Offenbach’s irreverence extended beyond politics to the cultural scene. He punctured the pompous pretensions of French grand opera with irresistible tunes and wit. He shares with Rossini the knack of writing music which creates laughter. His satire still strikes targets today.

 
Photo: Orphée aux Enfers, Festival d'Aix-en-Provence © Elisabeth Carecchio

The enduring resonance of the Orpheus myth is shown by its appeal to more recent composers, among whom one might cite Stravinsky’s ballet Orpheus; Harrison Birtwistle’s lifelong obsession culminating in his masterwork The Mask of Orpheus and the later chamber opera The Corridor in which Eurydice becomes the central character; Philip Glass’s Orphée; Ricky Gordon’s Orpheus & Eurydice.
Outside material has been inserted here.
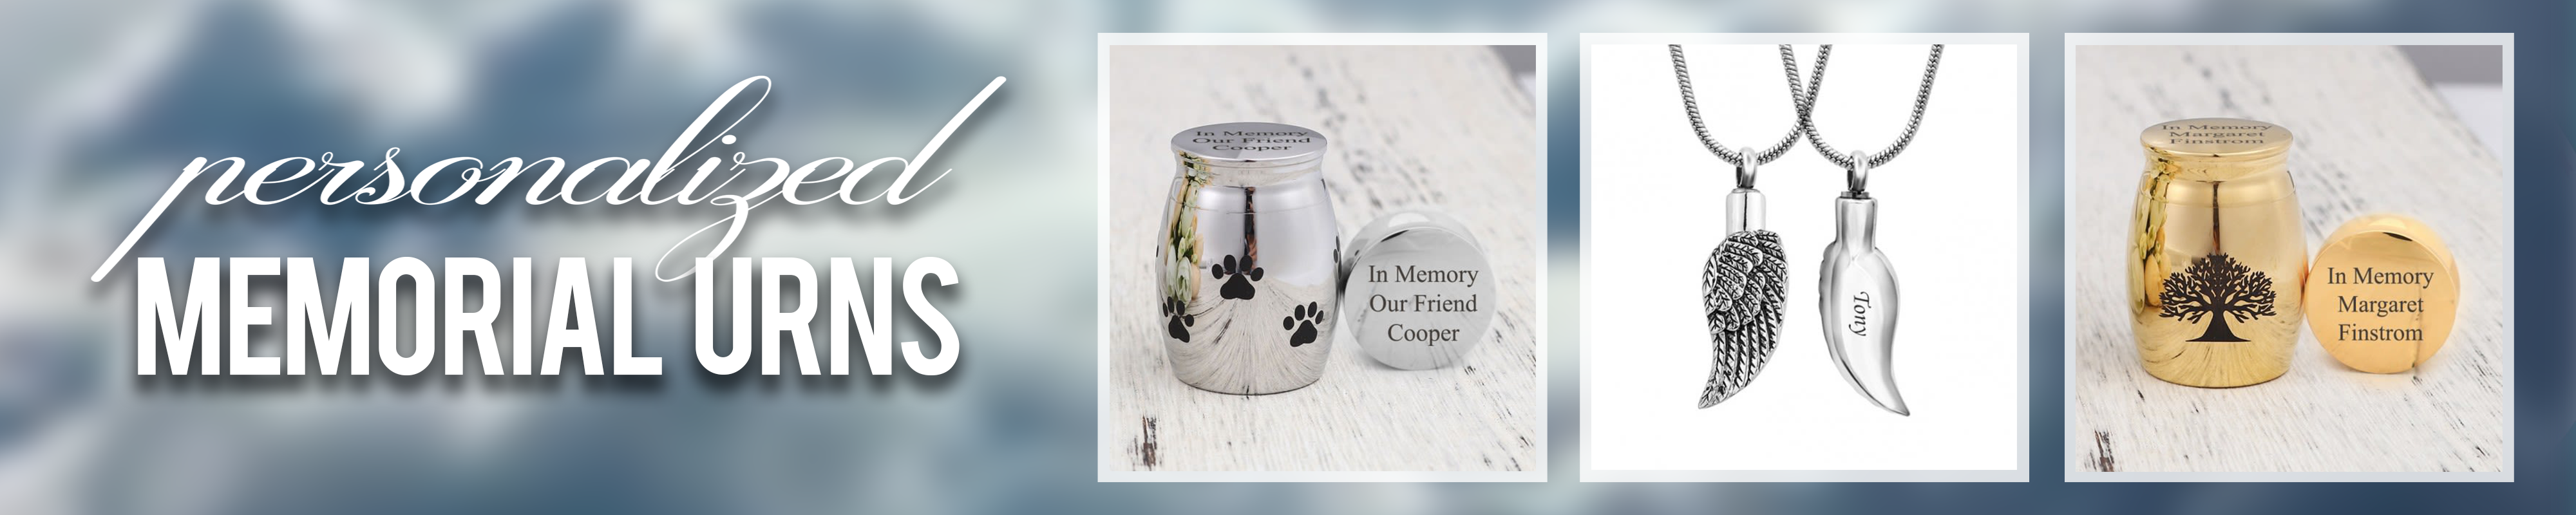 Personalized Cremation Urns | Personalized Urns

Opera North in Leeds has spent five years devising Orpheus, a treatment of the myth which fuses Italian baroque and Indian classical music. The story follows that of Monteverdi’s opera, but the setting is that of a wedding between a western man and an Asian woman. The music combines one-third pure Monteverdi with one-third Indian classical and one-third fusion of the two musical worlds. The joint musical directors are sitarist and composer Jasdeep Singh Degun and baroque specialist Laurence Cummings, who also conducted the Garsington Orfeo. The cast is an equal mix of western and South Asian performers; and the director is Anna Himali Howard. Hard to predict in advance, the project is testament to the lasting life of a story which predates Homer.
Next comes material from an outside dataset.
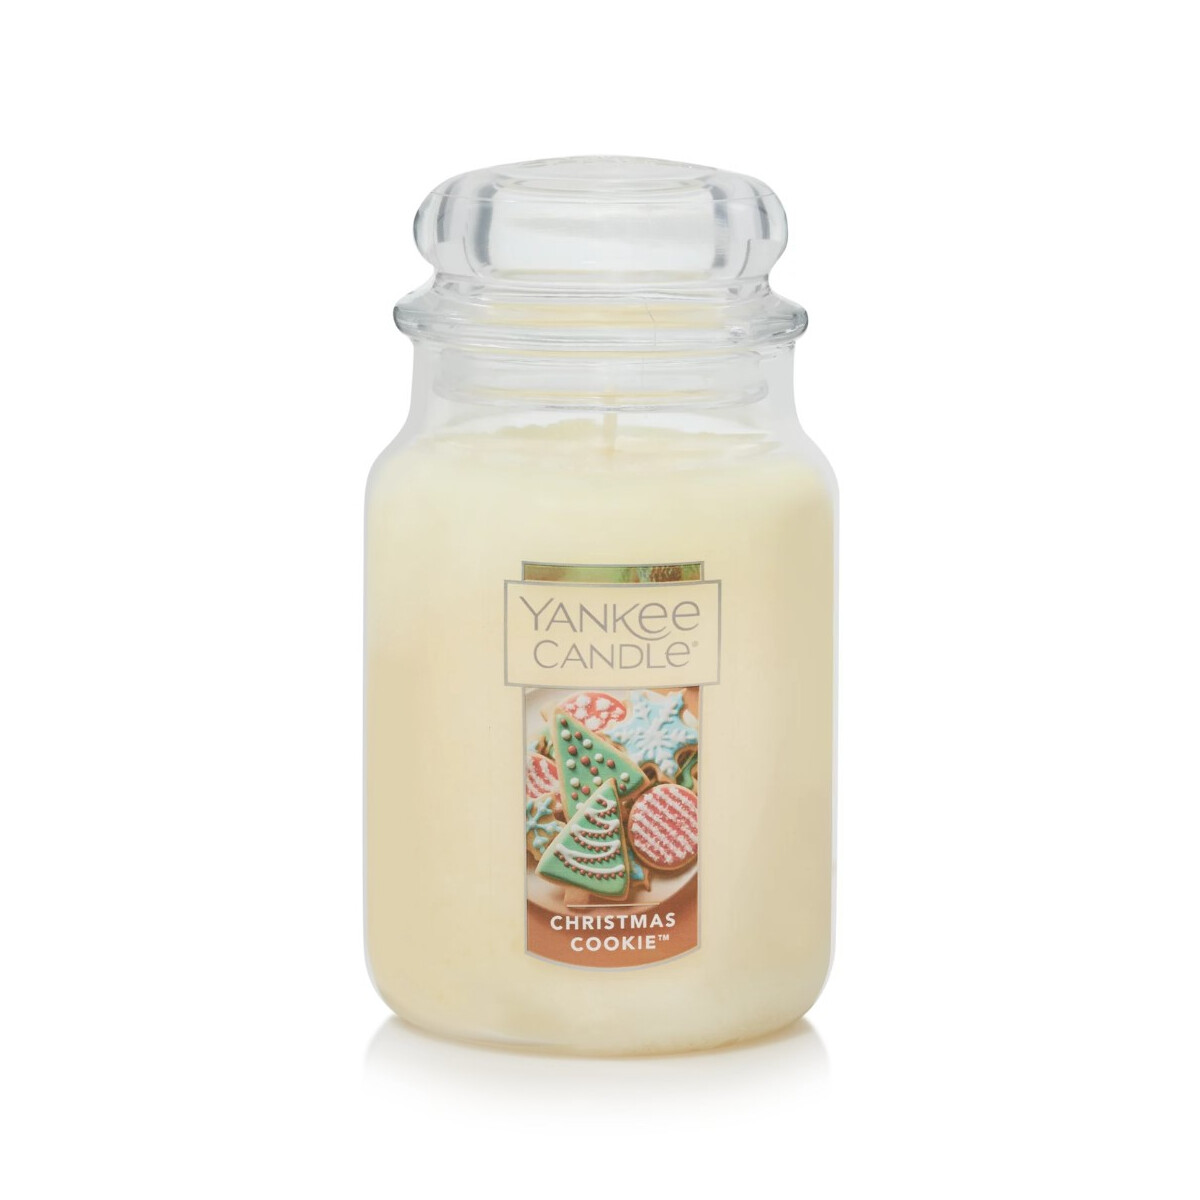 Yankee Candle® Christmas Cookie™ Großes Glas 623g, 36,90 €

Shelley claimed that ‘poets are the unacknowledged legislators of the world’. Icarus used wings to fly too close to the sun, so that the wax securing them melted and he fell to be drowned in the sea for his presumption. Orpheus’s devotion to the sun god enraged the Thracian Maenads, followers of the rival god Dionysus, and they tore him to pieces. As his severed head and lyre floated down the river Hebrus to the sea, they were still singing mournful songs.